In the wake of a critical study, medical device companies presented fresh patient data Tuesday aimed at bolstering the safety profile of stents and medical balloons that contain a drug called paclitaxel to treat peripheral artery disease above the knee in the legs.

Some drug-eluting stents and drug-coated balloons use paclitaxel to prevent blood vessels from reclosing after they're opened up in medical procedures. But a critical meta-analysis in the Journal of the American Heart Association in December documented a surprising increase in death rates five years after the devices were used by pooling the results of 28 past randomized controlled trials.

At the LINC 2019 conference in Leipzig, Germany, on Tuesday, Medtronic presented new patient-level data that showed age, kidney problems, limb amputation and overall complexity of disease were strongly associated with mortality five years after Medtronic's In.Pact Admiral drug-coated balloon was used in 1,837 patients. Whether the patient got a high or lose dose of paclitaxel was not predictive of mortality in the Medtronic data.

"Results from this independent patient-level meta-analysis demonstrate no correlation between exposure to paclitaxel and mortality through 5 years," said the slides from the presentation Tuesday by Hawaii vascular surgeon Dr. Peter Schneider, who consults for Medtronic and its competitors. "Alternative hypothesis: Preliminary findings suggest follow-up visit compliance ... is associated with lower mortality risk. This needs further evaluation."

The devices in question are used to treat peripheral artery disease (PAD), a blockage in blood vessels in the lower legs that affects more than 7 million Americans and can lead to limb amputation in severe cases. The prevalence of PAD increases with age, and is more common among black patients, though it affects all groups of people.

Many different treatments for PAD are available. A growing number of patients are having skinny balloons temporarily inflated inside blocked vessels to open them up, and sometimes the physician leaves behind a metal mesh tube called a stent to keep the vessel open. In some cases, these devices are coated with paclitaxel to reduce the chances of vessel re-closure.

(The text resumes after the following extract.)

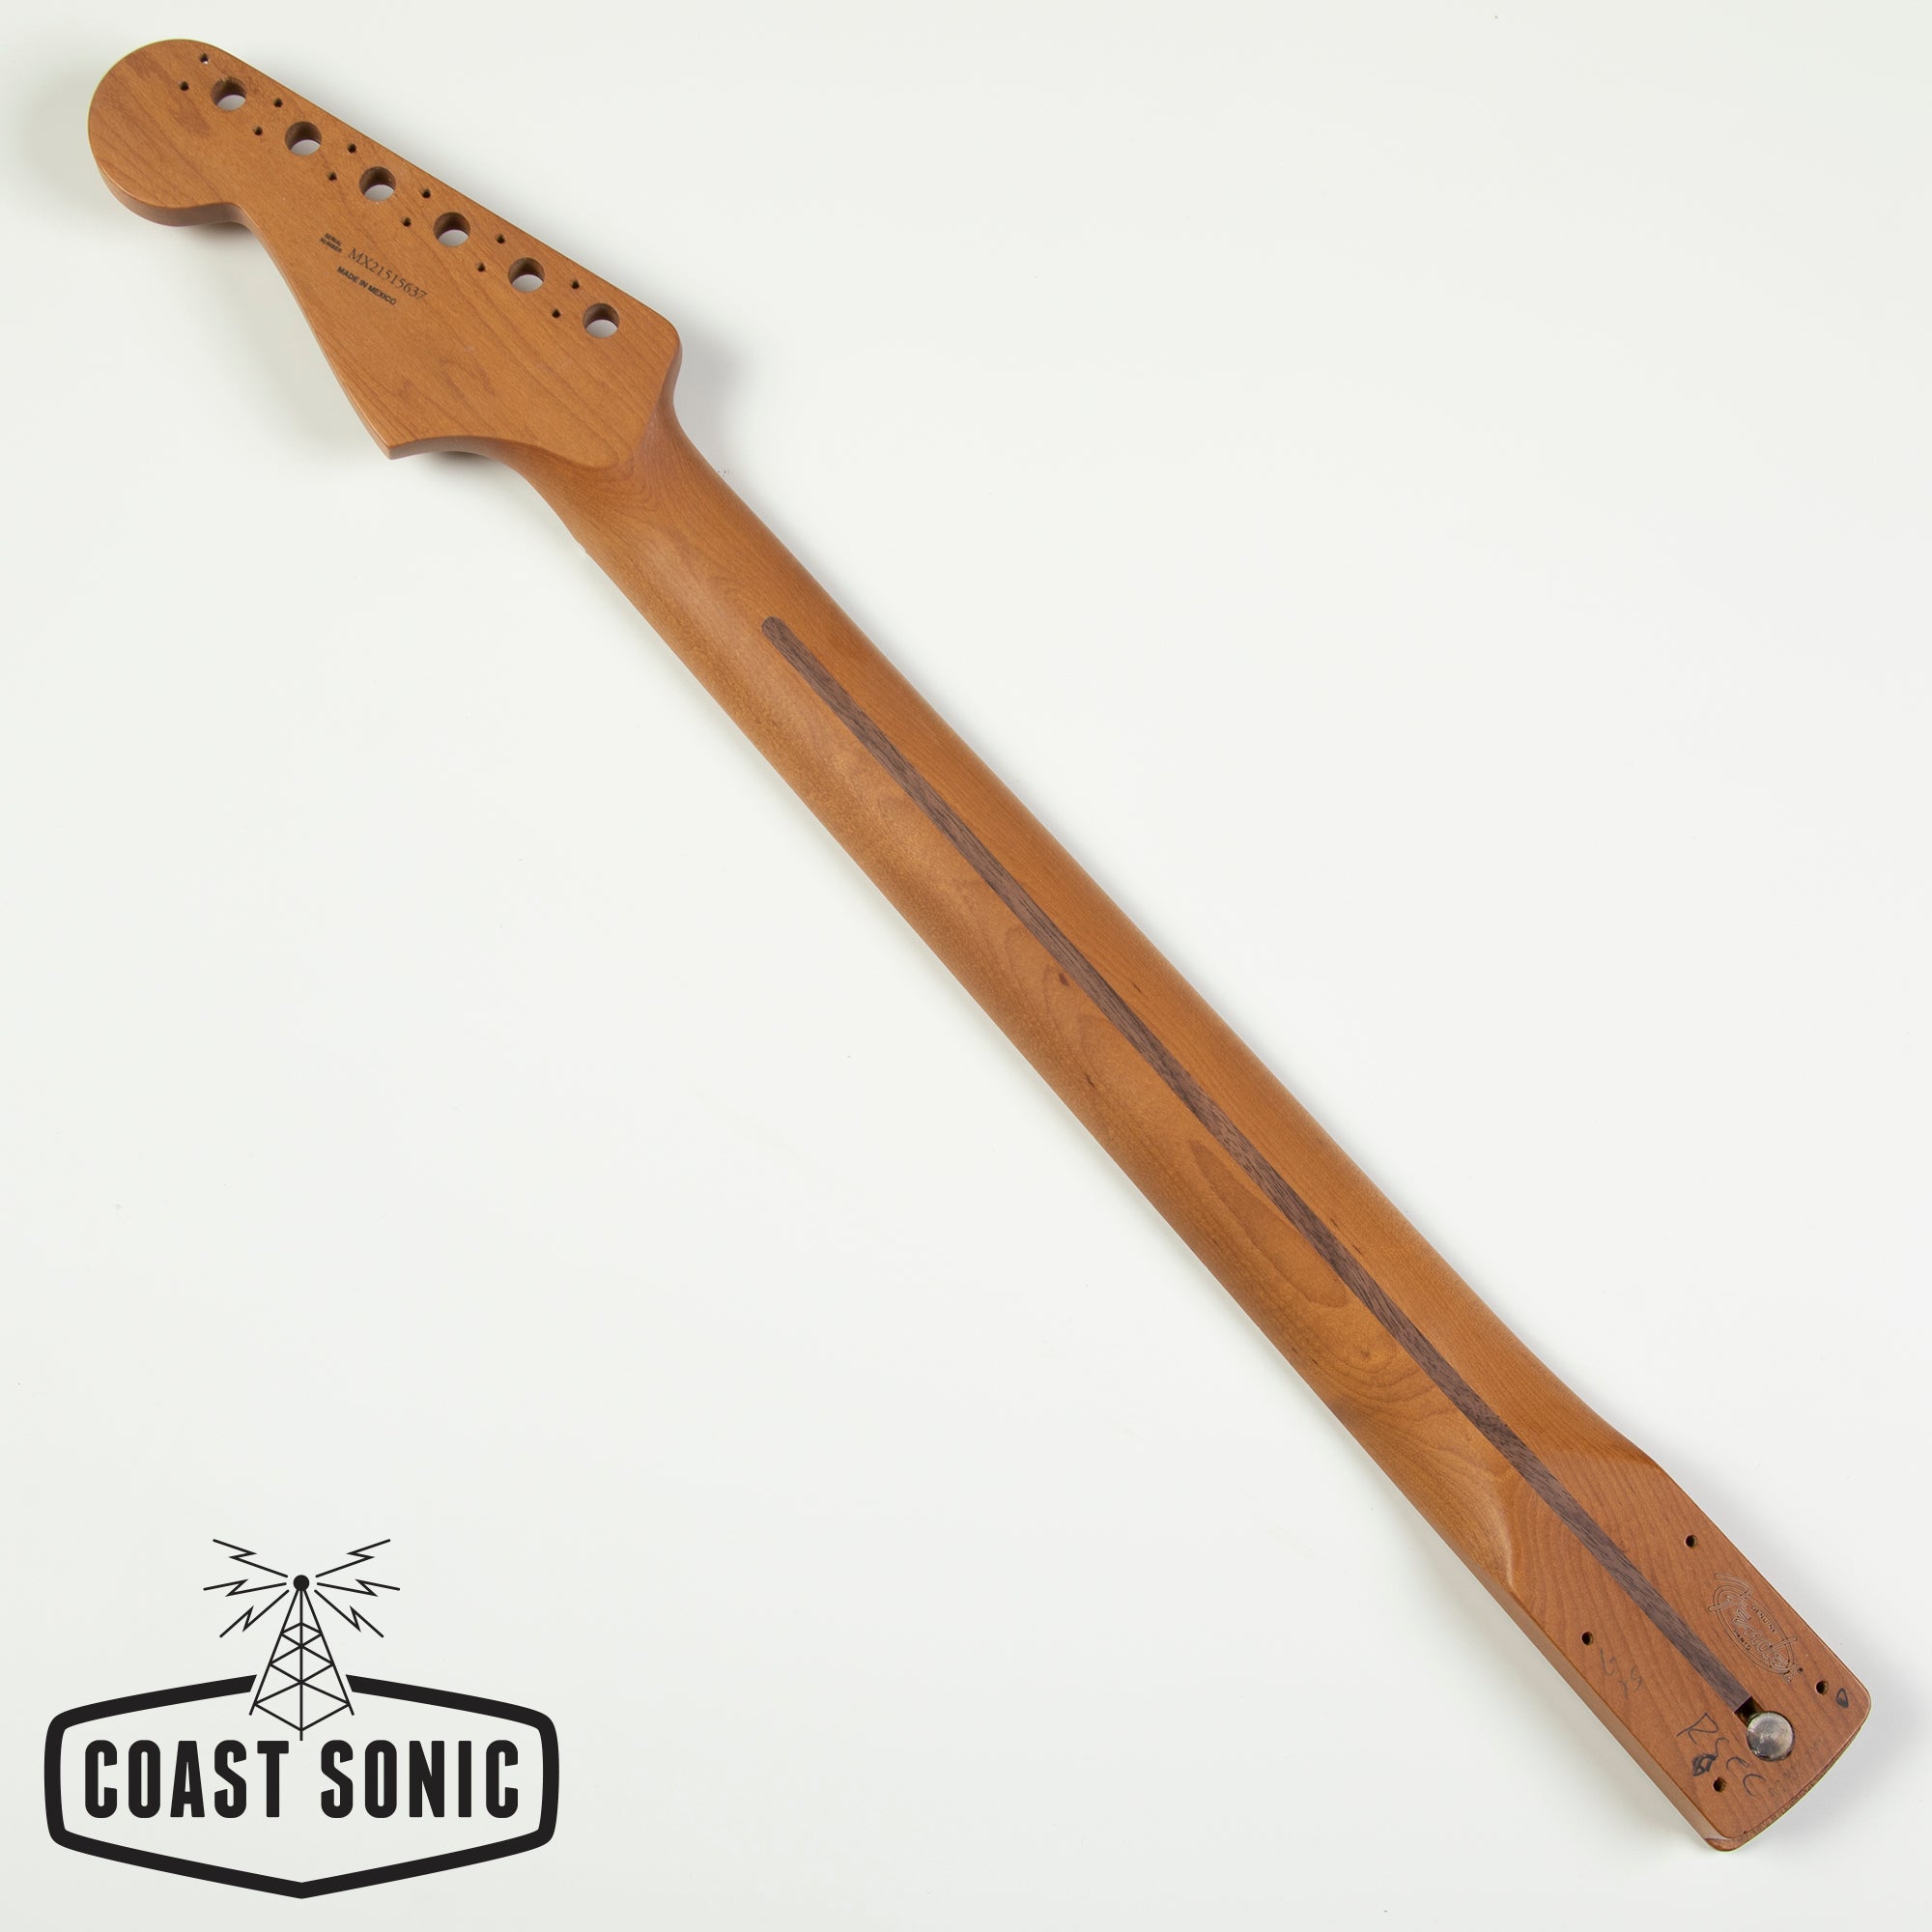 Fender Roasted Maple Stratocaster Neck- Flat Oval

Paclitaxel devices like Medtronic's In.Pact Admiral and Boston Scientific's Eluvia drug-eluting stent are important to investors because of their strong commercial potential — analysts with Barclays Capital estimate the In.Pact Admiral alone accounts for more than $200 million in sales at a higher-than-average profit margin compared to the rest of the Medtronic portfolio.

Now some doctors are halting all use of the devices, while others are discussing with patients new uncertainties about death rates, following the publication in the JAHA publication.

The study analyzed past randomized controlled clinical trials using several kinds of devices, and found that patients who were treated with paclitaxel balloons and/or stents had a 68 percent greater relative risk of dying two years later, and a 93 percent higher relative risk of death five years after the procedure. (The findings do not apply to paclitaxel stents and balloons used in coronary arteries.)

Authors of the meta-analysis report called their finding "alarming" and postulated that "paclitaxel toxicity" related to the way the drug is formulated and applied to the devices could be causing the problem. But they offered no clear explanation. The Food and Drug Administration has opened an investigation into the matter.

Device makers have noted that the JAHA analysis included anyone who died in the trials for any reason, and did not take into account patient-specific factors that could have pointed to other factors that could be strongly associated with death, such as the patient's age and health history — data that were not available to the team that did the JAHA meta-analysis.

A consultant for Cook Medical, the Indiana-based maker of the popular Zilver PTX drug-eluting peripheral stent, emphasized at the LINC conference that the JAHA paper lacked any patient-level data. "Cook's patient-level data demonstrate no increased mortality rates at five years with use of a Zilver PTX paclitaxel-coated stent vs. the use of non-coated stents and balloons," said Dr. Michael Dake, global principal investigator for the Zilver PTX randomized controlled clinical trial.

Boston Scientific consultant Dr. William Gray, meanwhile, said the company's Eluvia drug-eluting stent and Ranger drug-coated balloon did not have higher mortality rates at three years than non-paclitaxel devices, according to patient-level data presented at LINC.